In February 2020 a group of 130 family and human rights lawyers and women’s organisations penned an ‘open letter’ https://www.lag.org.uk/resources/javascript/pdf.js/web/viewer.html?file=/?fileid=-20346 to the President of the Family Division and the Secretary of State for Justice in which they excoriated the system with the rebuke, “Increasingly, the courts are no longer seen as a safe place for women who have been abused.” This was followed in June by the publication of the final report of the Harm Panel which recognised, inter alia, that the de facto presumption in contact was a barrier to raising domestic abuse.
In January 2021 Hayden J gave an insightful expostulation of coercive and controlling behaviour in the case of Re F-v-M. He also raised the efficacy of the tools used for pleading such cases.

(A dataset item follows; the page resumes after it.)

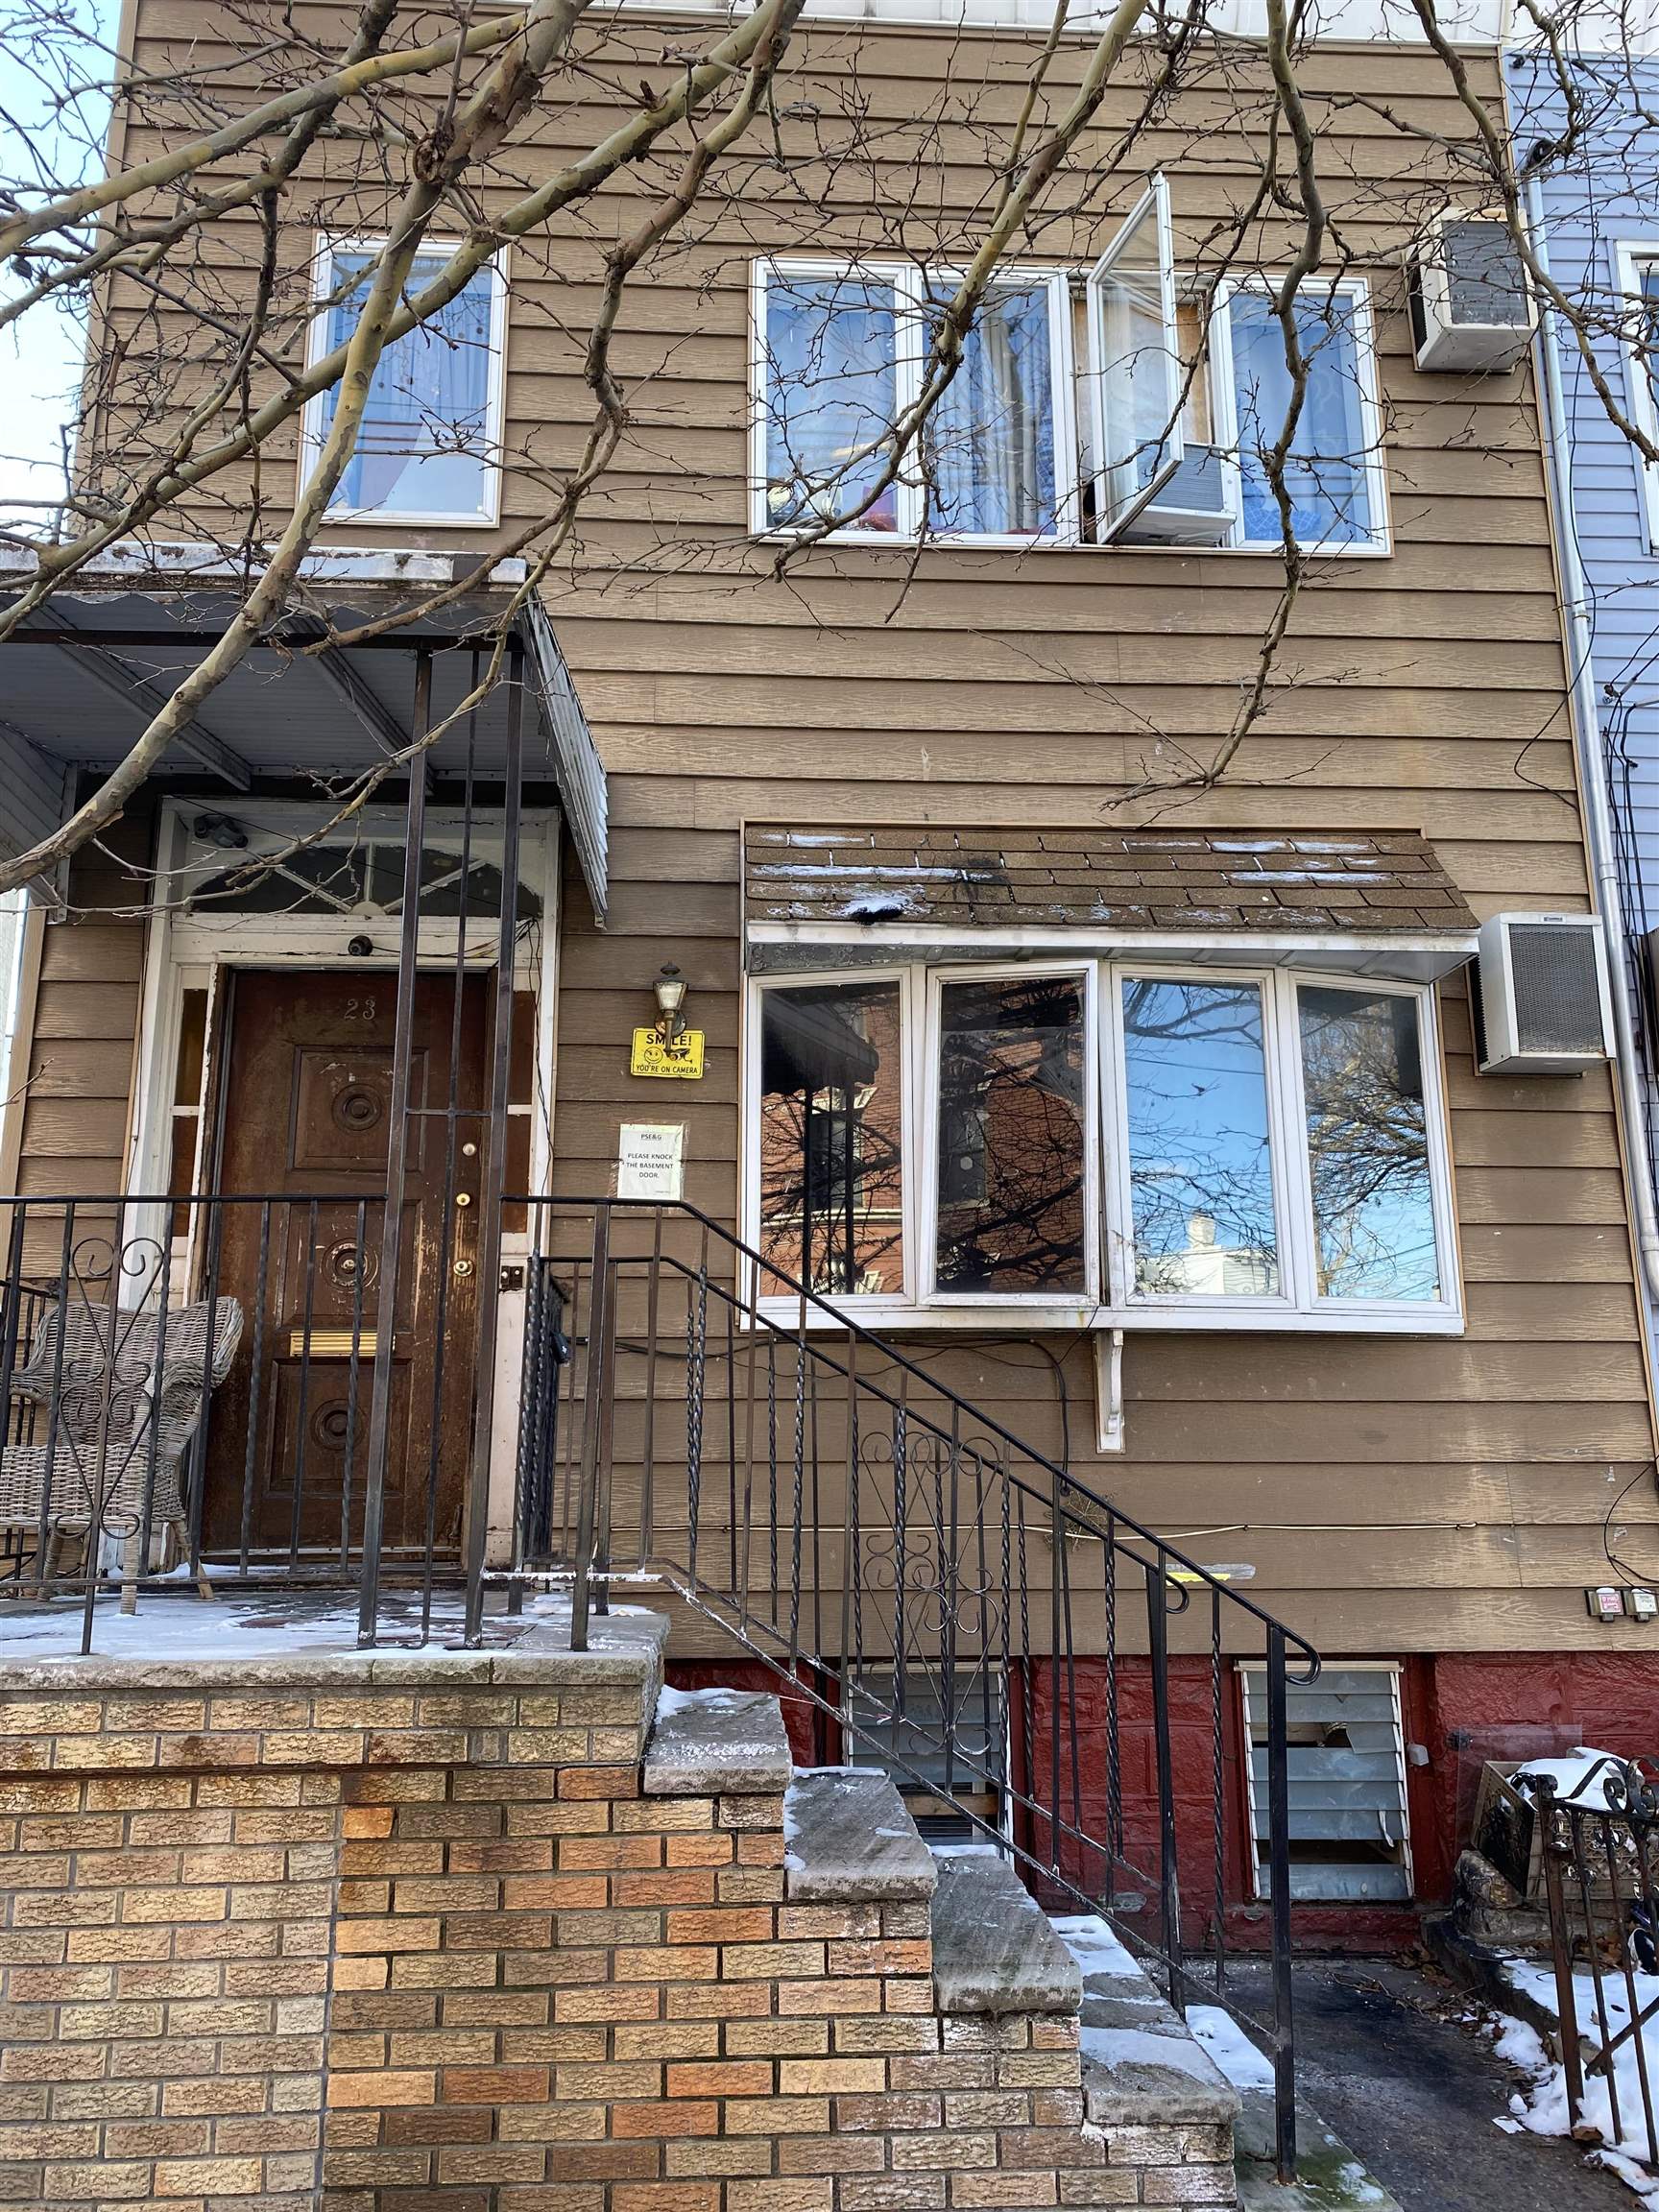 # 240001436 - For Rent in JERSEY CITY - Heights NJ

March saw the landmark decision of the Court of Appeal in Re H-N and the end of April saw the long-awaited passage of the Domestic Abuse Act. Celestine Greenwood writes:
"In my professional experience, however, little shift if any has been effected in public law proceedings. In public law, the paradigm that saw the adult victim as somehow deserving or responsible for the abuse and that demanded both an unrealistic level of insight and strength that he/she protect the children from the risk of harm ... .
It is time for us to concentrate efforts in bringing the same level of insight about domestic abuse that we now bring to private law family and criminal proceedings to the sphere of public law cases."